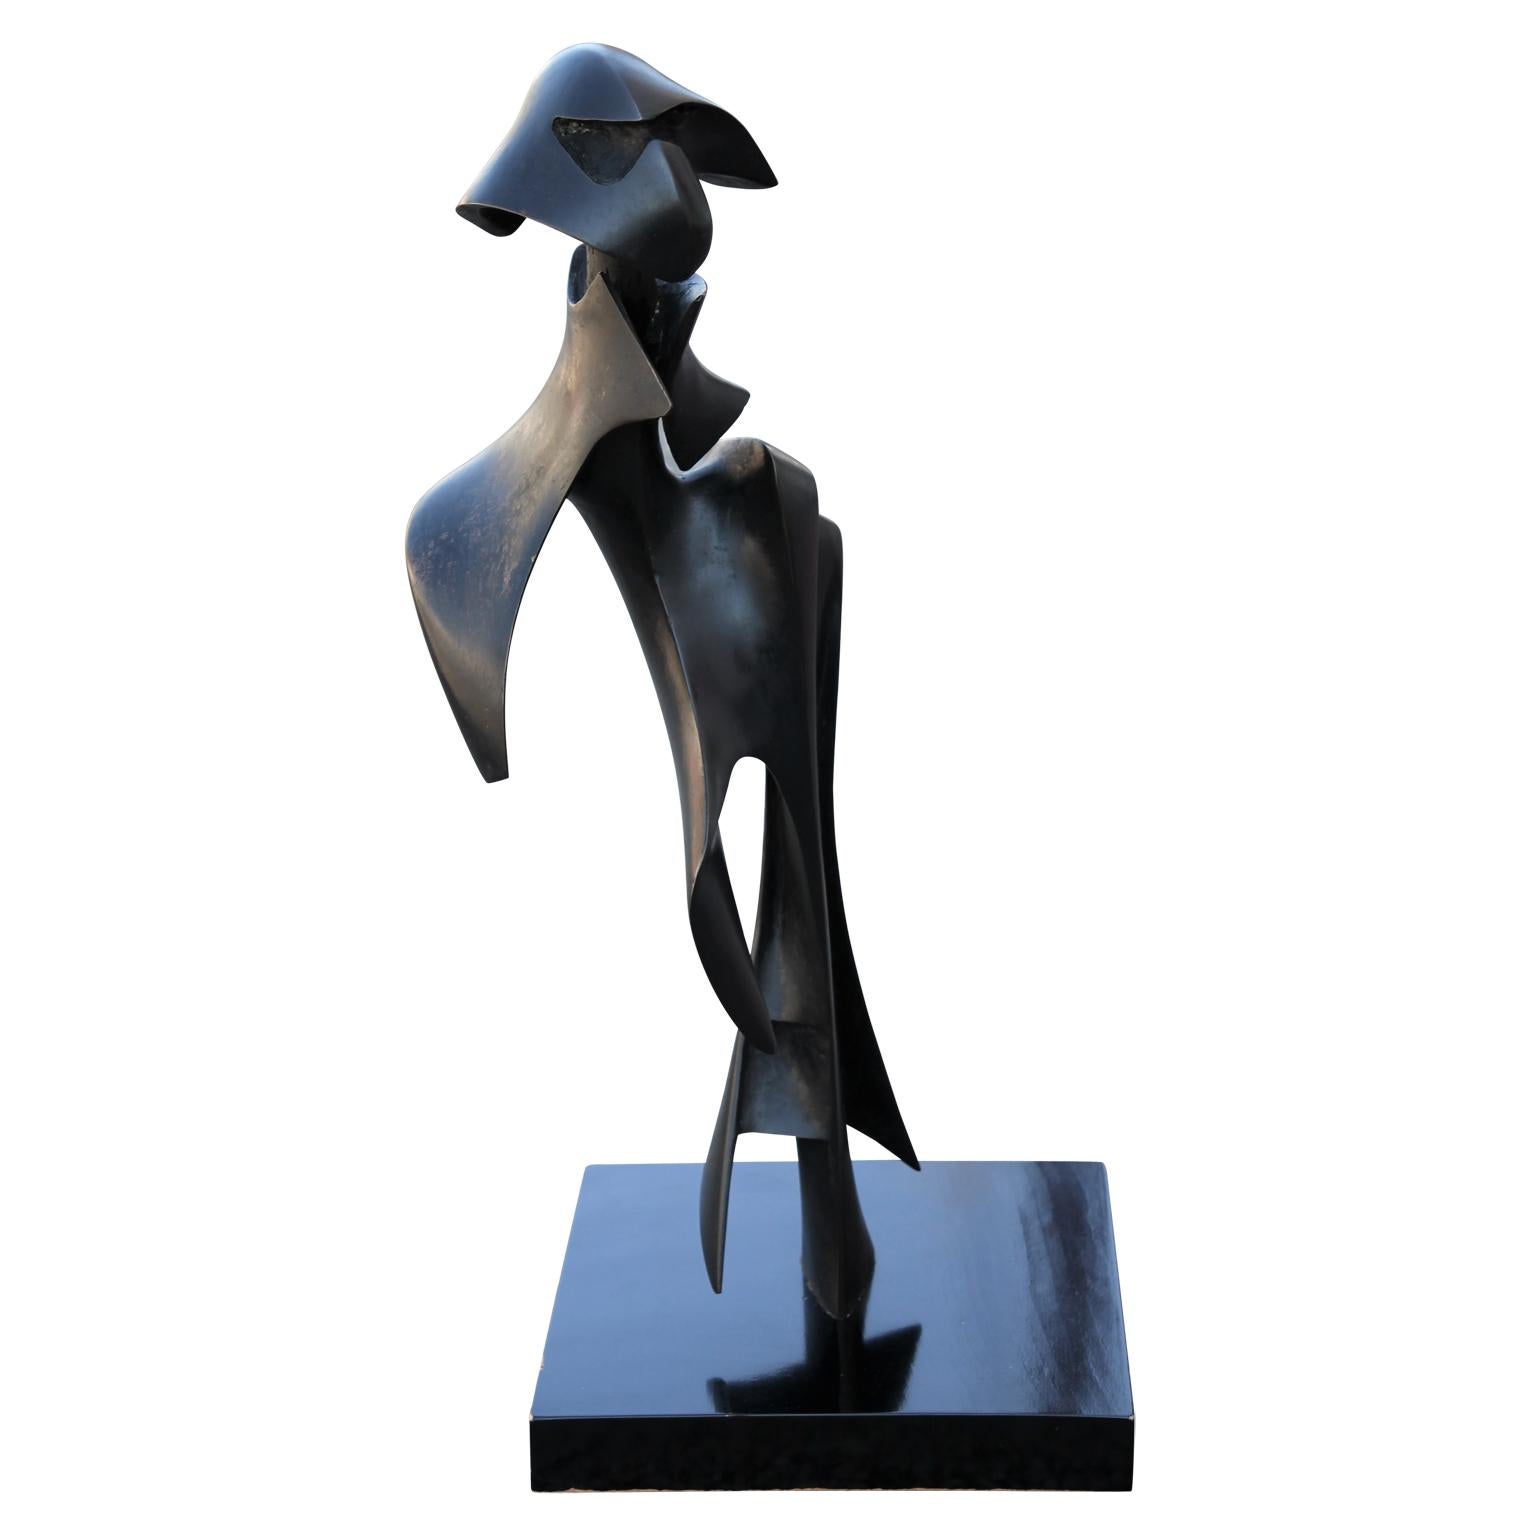 Stephen Daniels Figurative Sculpture - "Black Knight" Abstract Figurative Bronze Sculpture
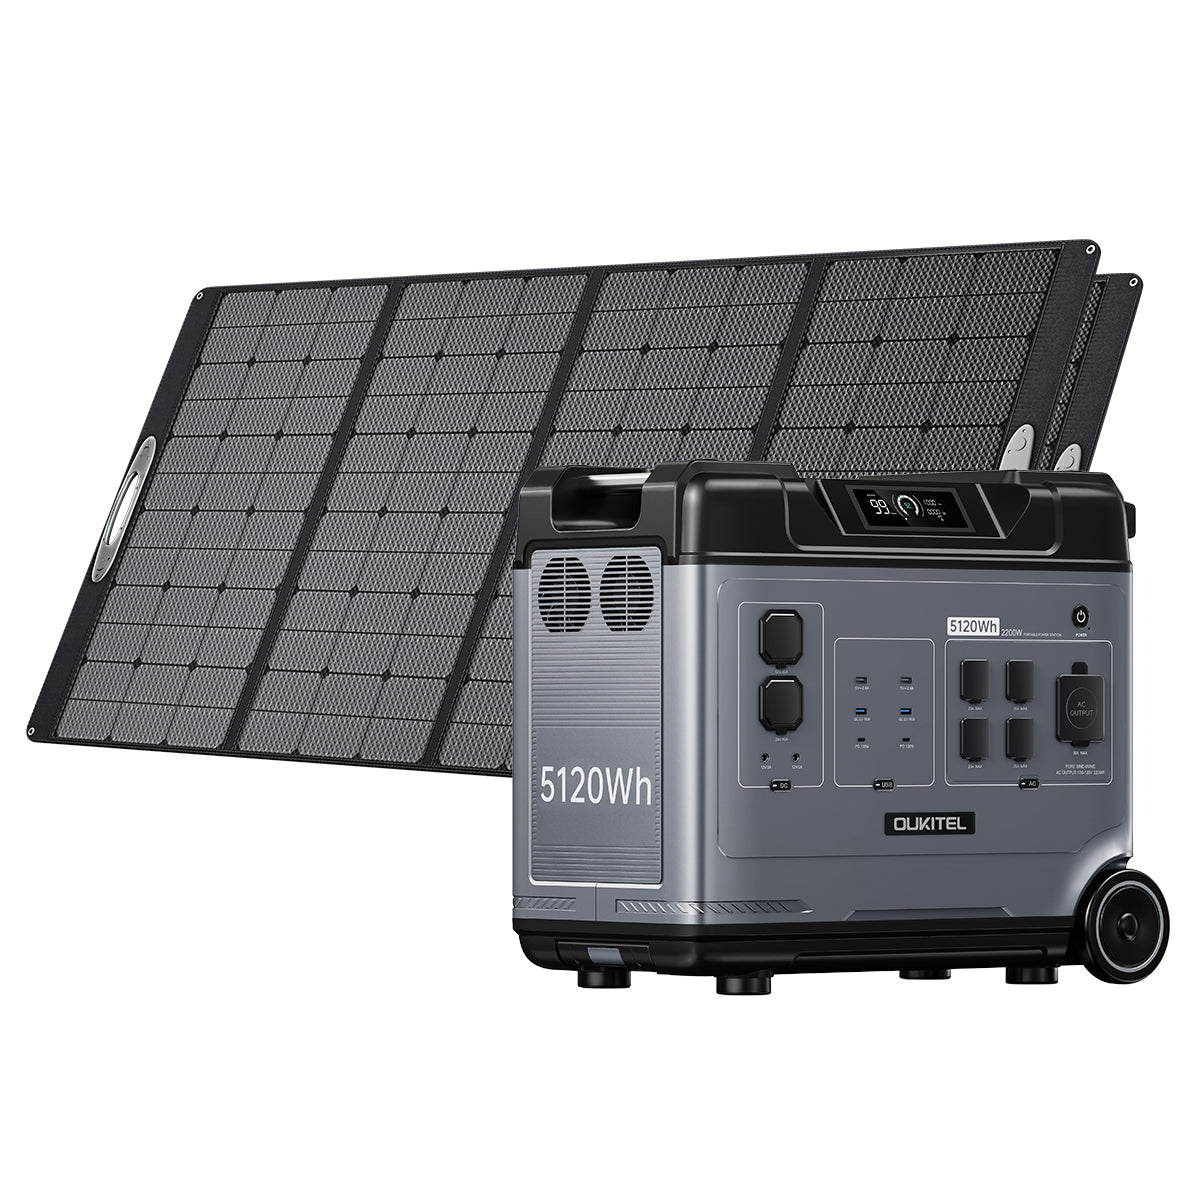 OUKITEL P5000 Home Battery Backup + 2*400W Solar Panels
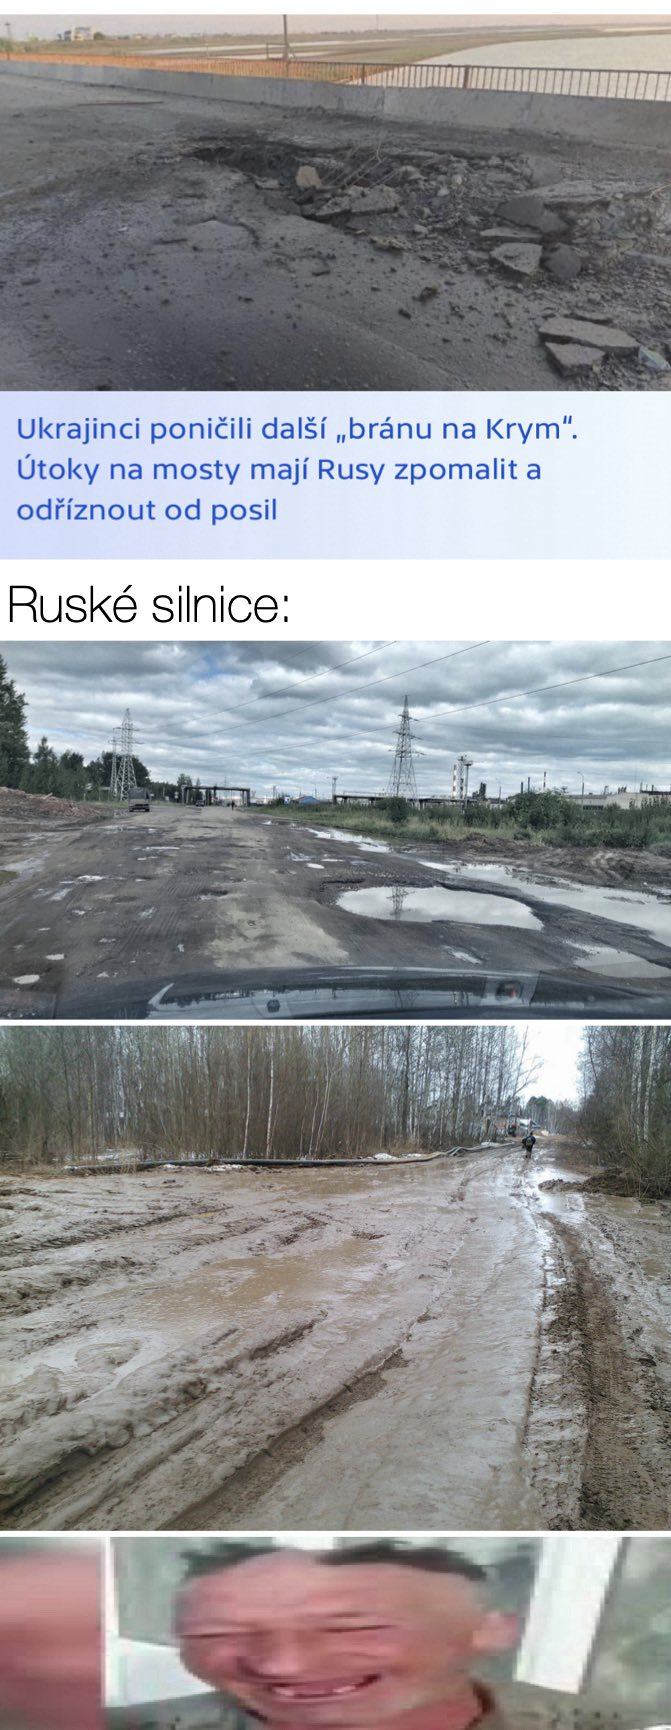 Obrázek ponicena ruska silnice
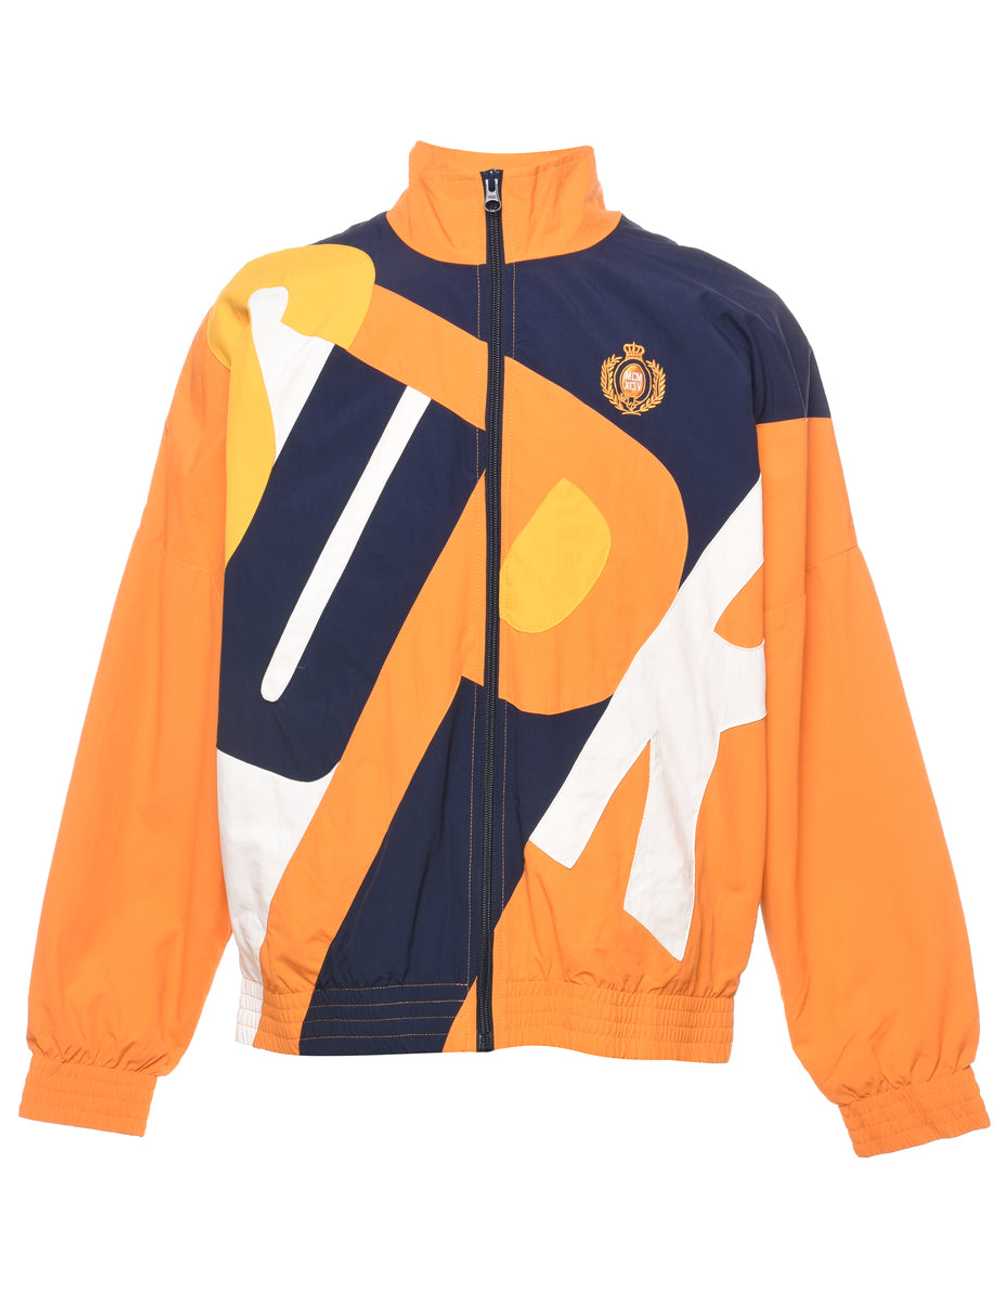 Supreme Navy & Orange Printed Jacket - S - image 1
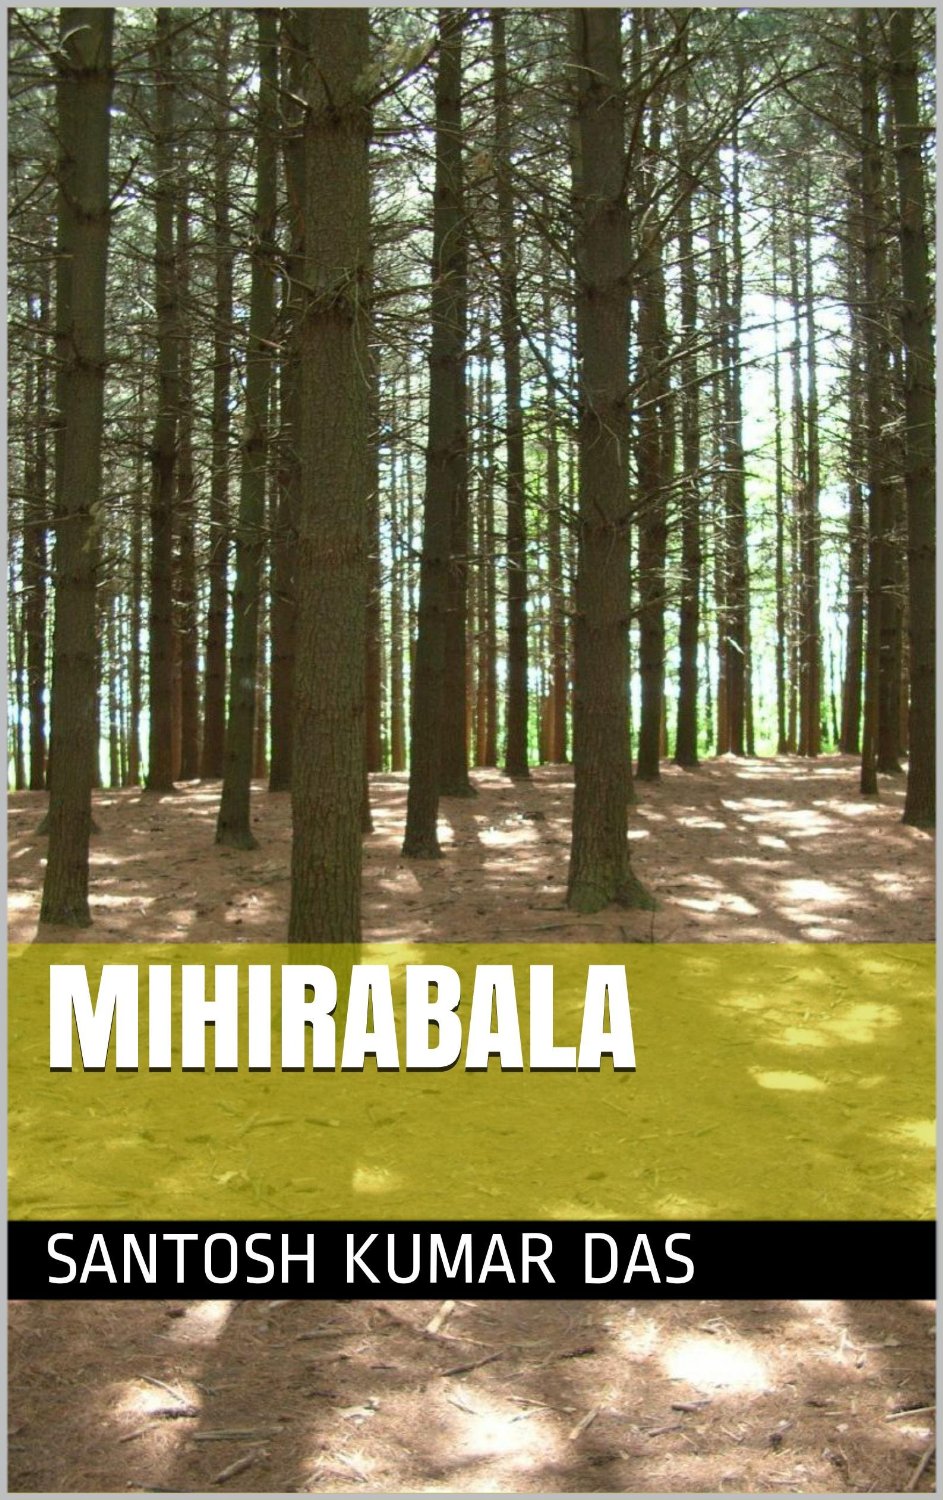 MIHIRABALA by Santosh Kumar Das

# # # # # # #

=== WHAT TO PRODUCE ===
Extract exactly the lines from the one containing "Supreme Navy &" through the last line of the records above, both included, and leave out the pictures.

=== PROBLEM SOLUTION ===
 Supreme Navy & Orange Printed Jacket - S - image 1
 MIHIRABALA by Santosh Kumar Das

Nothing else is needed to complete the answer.